When I finally reached the check out lines it was like toll booths on the I-90 at rush hour. Overburdened carts were lined up into the isles, and there was a person managing the traffic flow. I did what I always do to pass the time while in queue: paged through one of the latest trashy magazines. The cover story on the one I picked up read: The 50 (or was it 25?) Most Intriguing People Of The Year, or something like that. It's what caught my attention. After browsing the lineup not one of them intrigued me. Reaching the cashier I was asked if I had "a card;" I handed her my key chain that bore "discount" key cards to three supermarket corporations...I'm all tuned in, I see all the programs, I save coupons from packets of tea.
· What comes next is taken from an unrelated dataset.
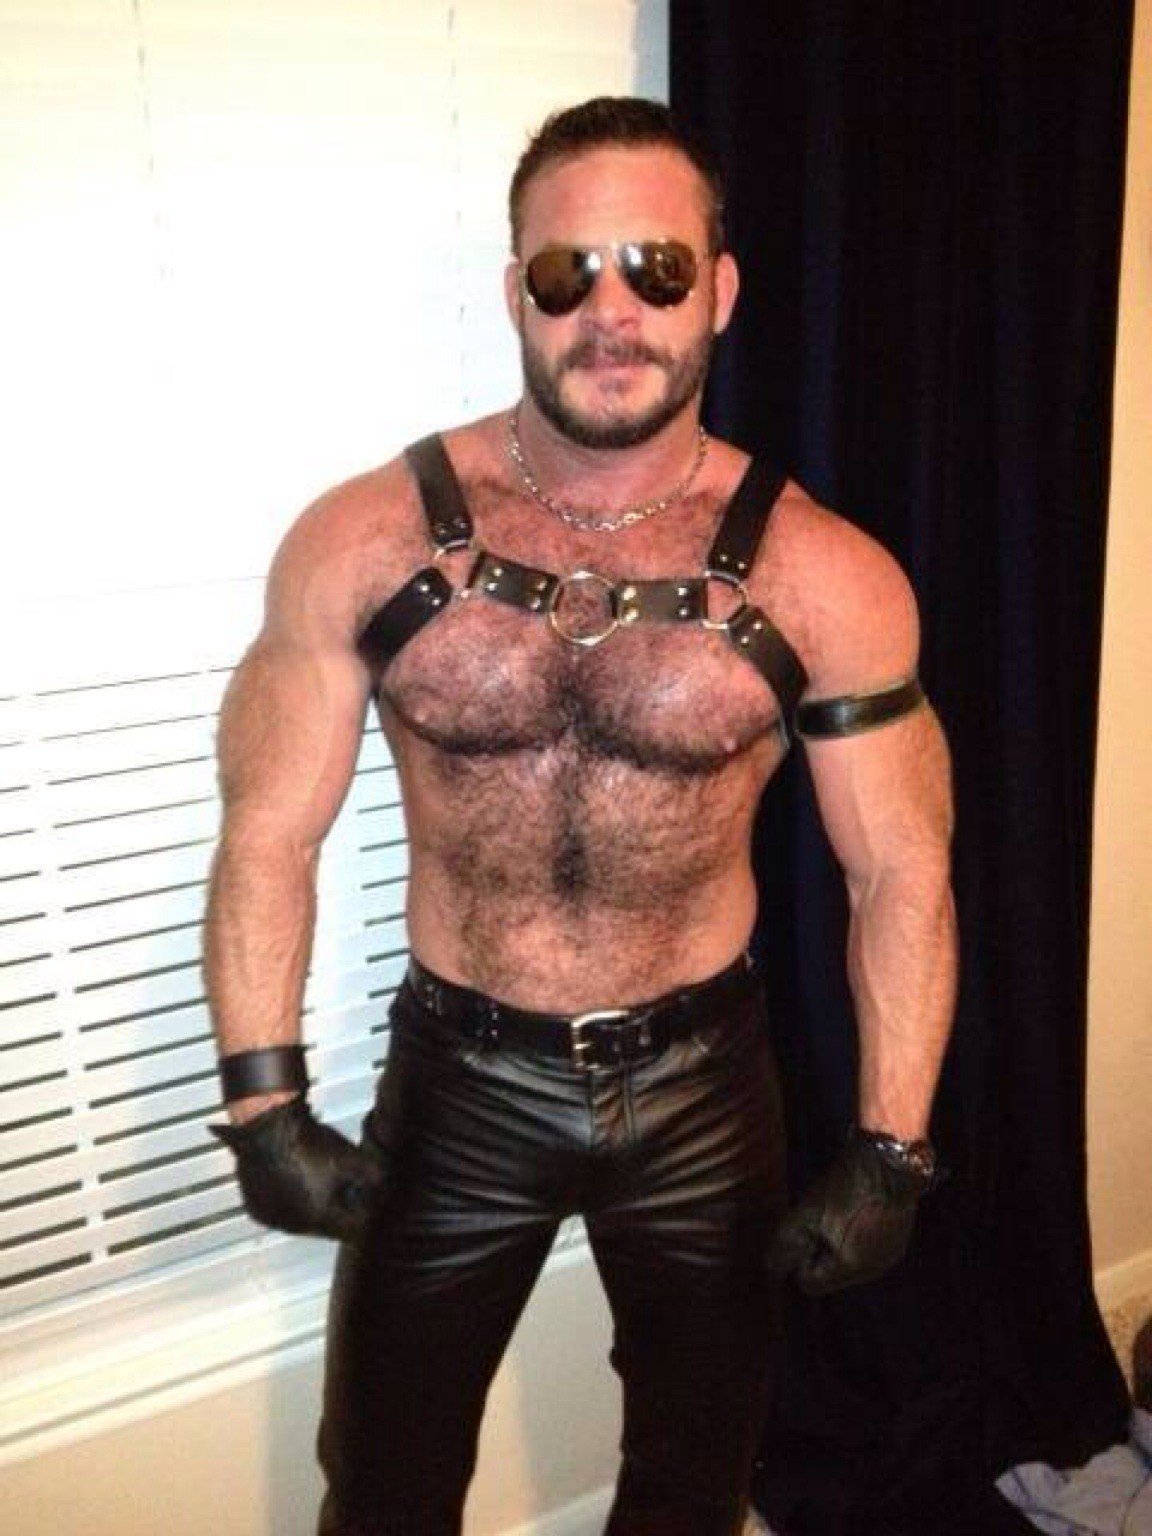 Photo by Smitty with the username @Resol702,  January 8, 2020 at 11:17 PM. The post is about the topic Leather Gays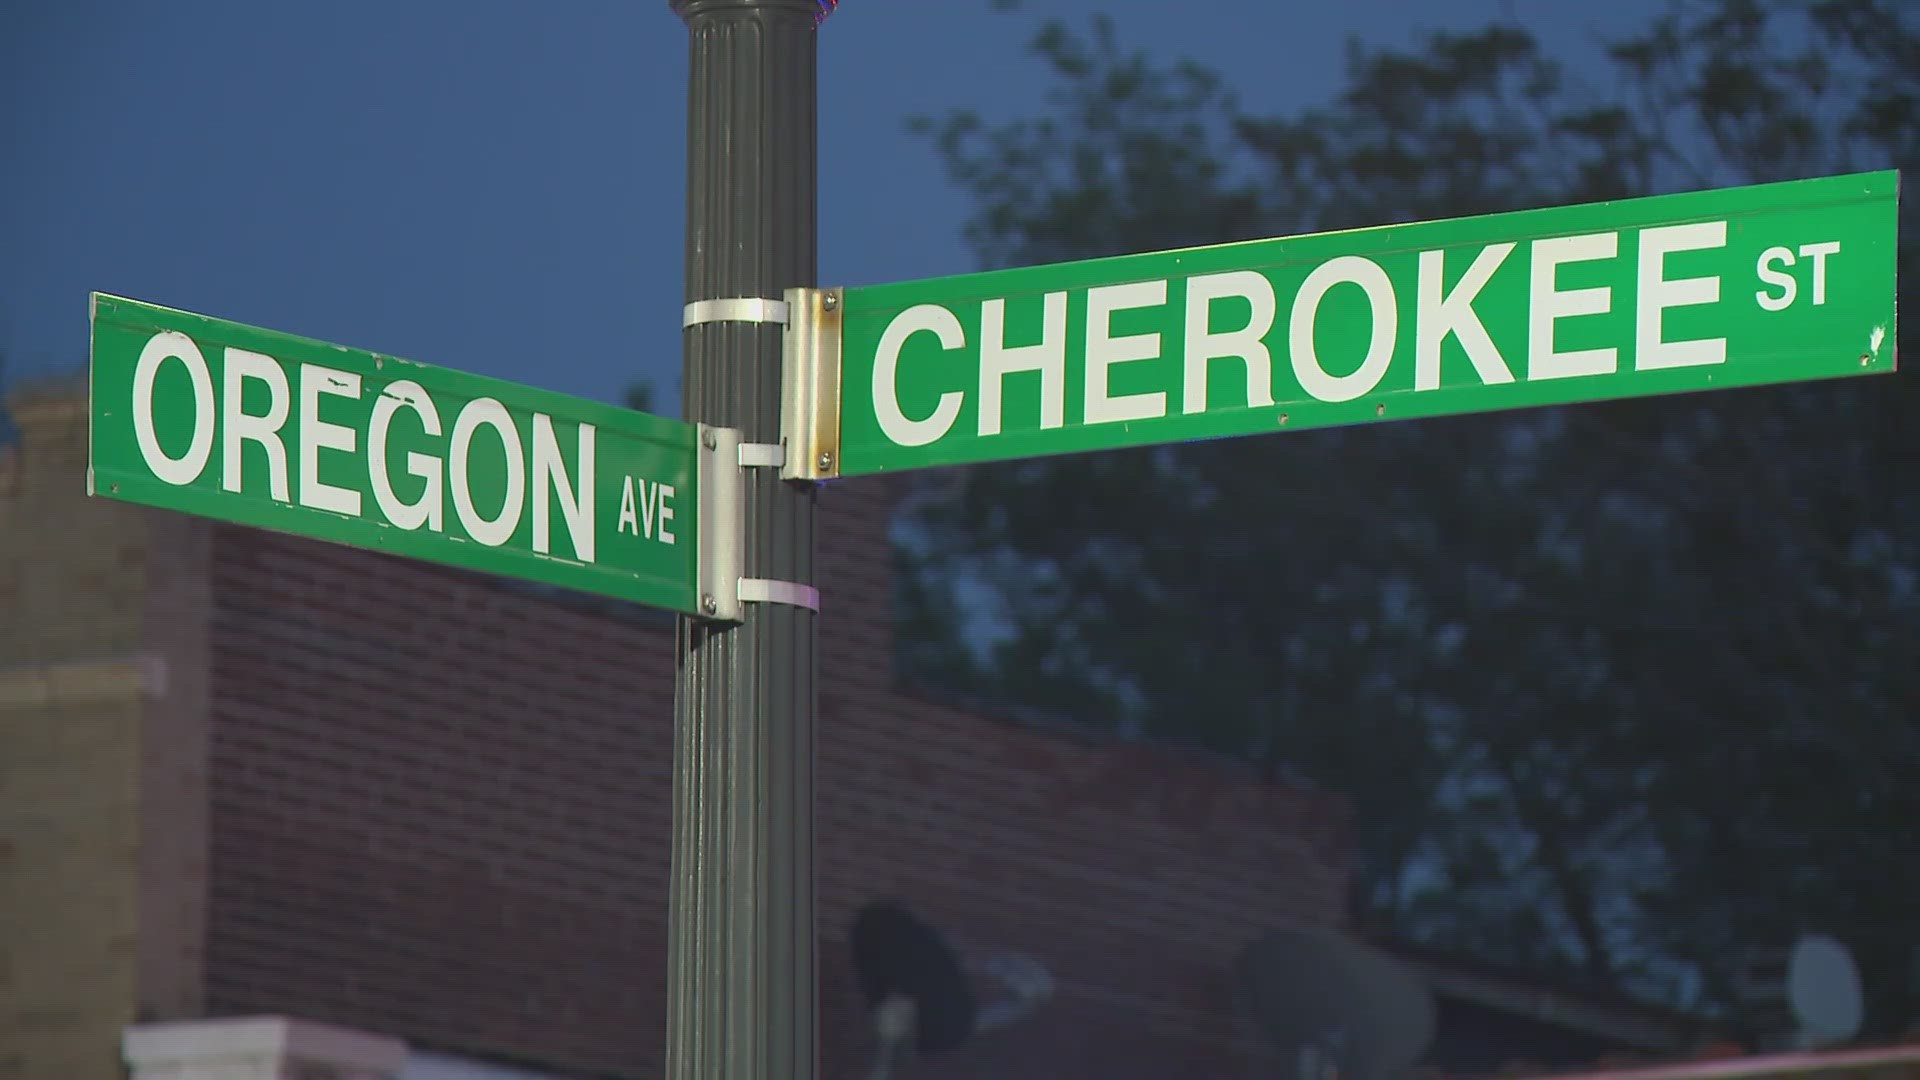 This is the second shooting in the area of the Cinco De Mayo Cherokee Street Festival in two days. Friday's shooting killed 2 and injured 2 others.

When I got home I made hummus out of the chickpeas and tahini, and diced and sauted the lamb chop and put it on top of the hummus. I ate it while I drank two bottles of my expensive beer and listened to Joe Strummer belt it out. Eating in a sort of stunned state-the kind of state you might be in if you spent the day at an amusement park, or an afternoon at the beach in the hot sun-I contemplated my evening...I've got my giant hit discotheque album, I empty a bottle, I feel a bit free. I'd spent the better part of an evening in this store and I was, at various times, appalled, thrilled, and even intrigued (yes, intrigued), and I wondered if I'd be back. Of course I would, they had everything I needed...and more.


Hummus With Sauted Lamb
Yield: 2 servings
1 cups chickpeas, cooked or canned and rinsed
2 cloves garlic, peeled and minced         
1/2 cup tahini   
1/4 cup fresh lemon juice     
2 tablespoons cold water   
1/2 teaspoon salt    
1/4 teaspoon cayenne pepper
3 tablespoons olive oil
8 ounces diced lamb 


Combine the first seven ingredients in a food processor and pure. Spread the hummus across a platter or two separate plates and set aside. Heat the olive oil in a large skillet over high heat, and then carefully add the diced lamb. Sear the lamb quickly and then arrange it across the hummus. If desired, garnish the plate(s) with chopped parsley and paprika. Serve with good quality bread.